**INSTRUCTIONS FOR THE TASK**
Include the line containing "CRISPR/Cas9-Mediated Genome Editing" and every line after it up to the end of the material below; reproduce them exactly and drop the pictures.
Top of DATA PROVIDED
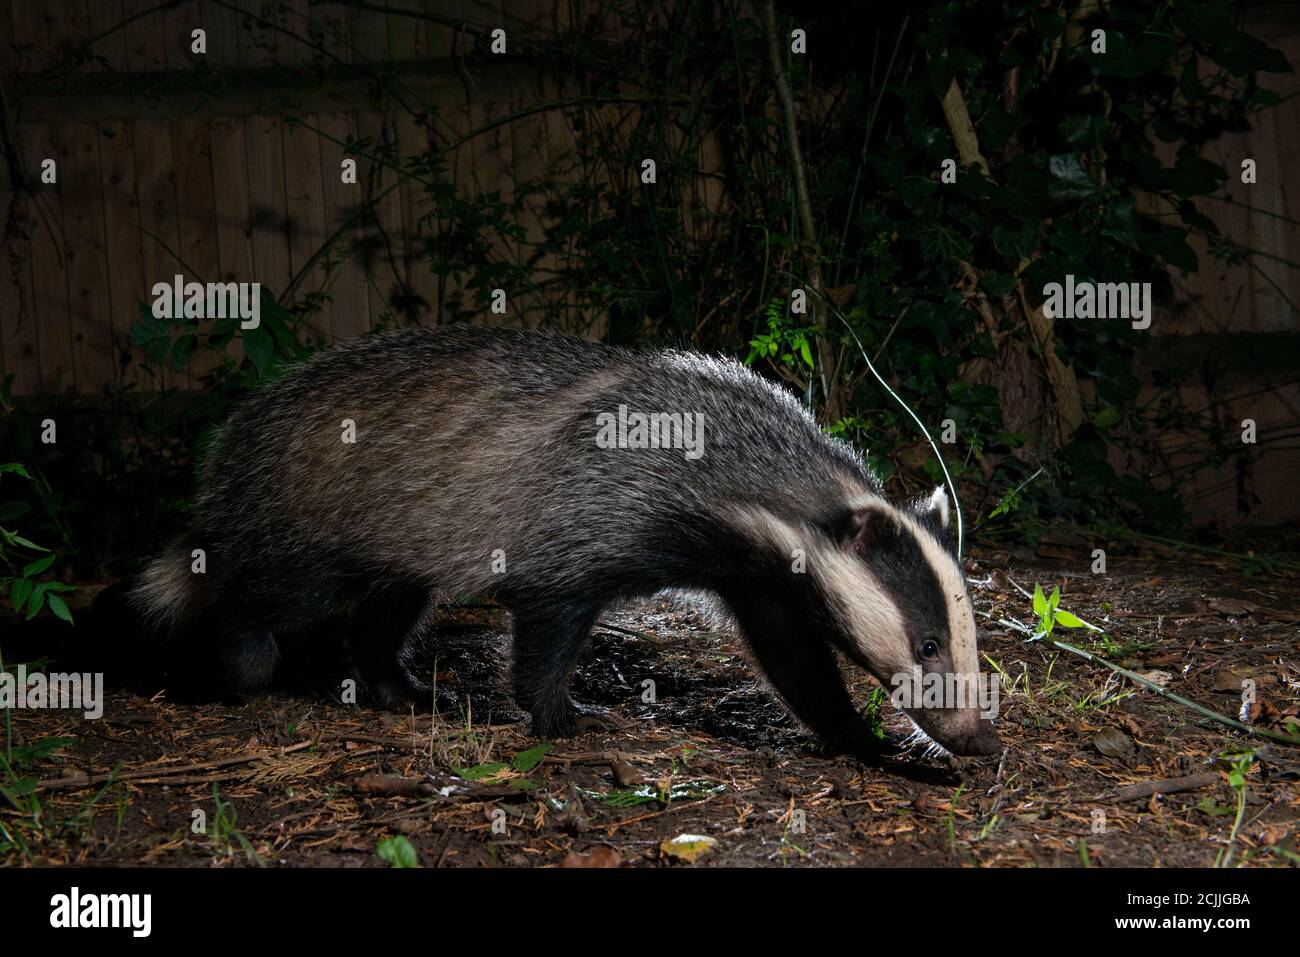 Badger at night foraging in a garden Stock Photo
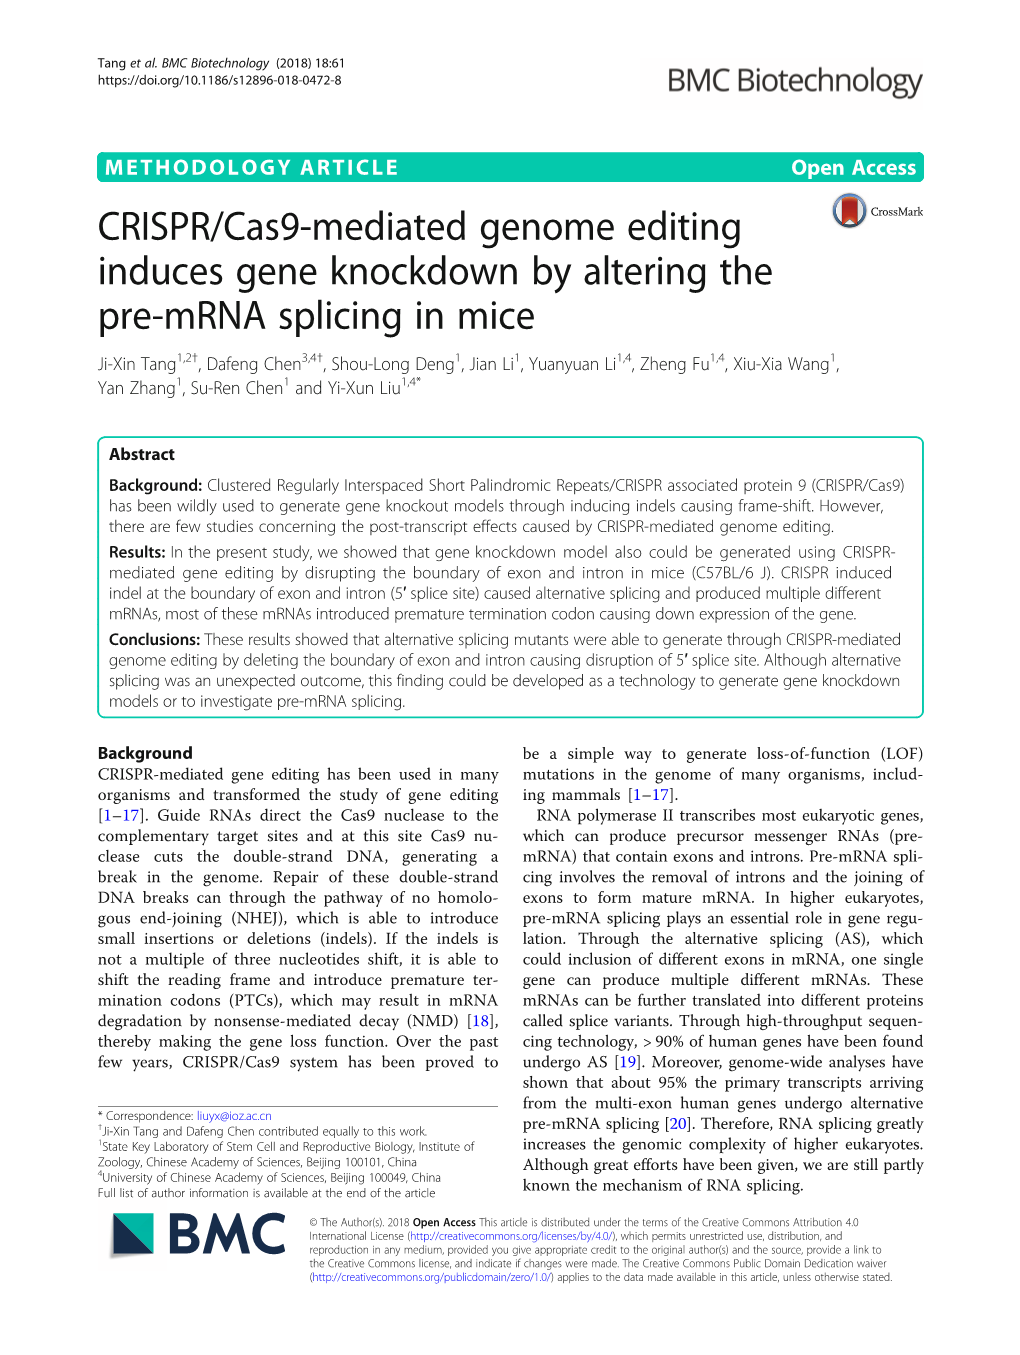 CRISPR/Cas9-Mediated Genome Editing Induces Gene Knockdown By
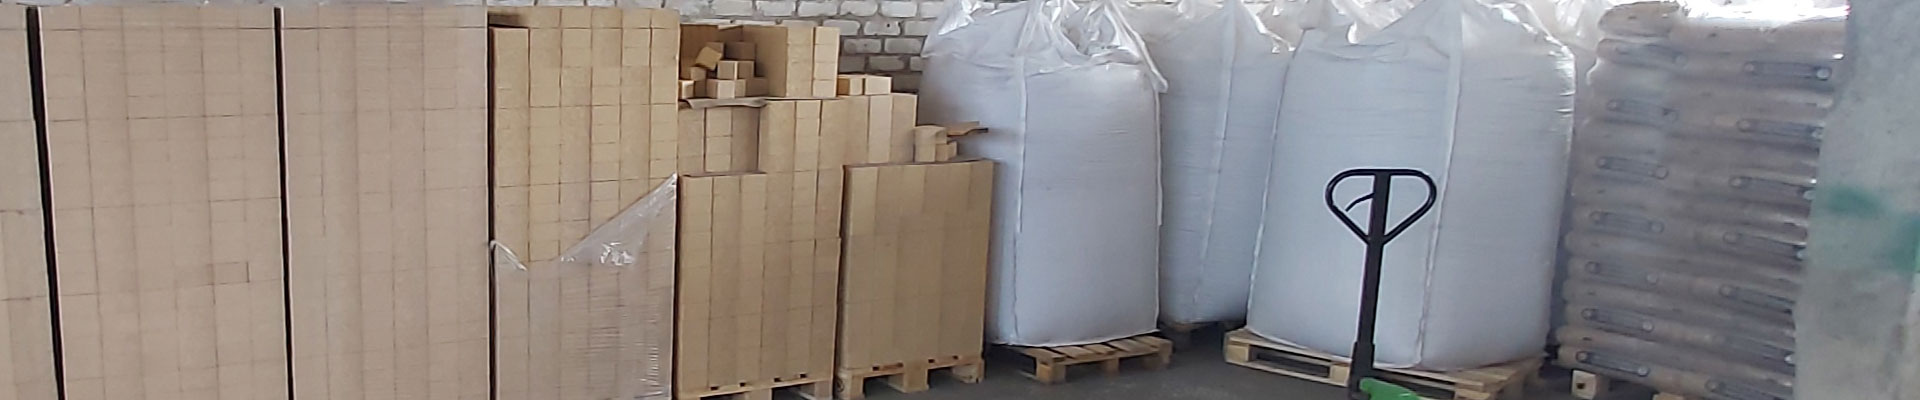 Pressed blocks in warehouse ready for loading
Bottom of DATA PROVIDED
**RESPONSE FOR THIS EXERCISE**
 CRISPR/Cas9-Mediated Genome Editing Induces Gene Knockdown By
 Pressed blocks in warehouse ready for loading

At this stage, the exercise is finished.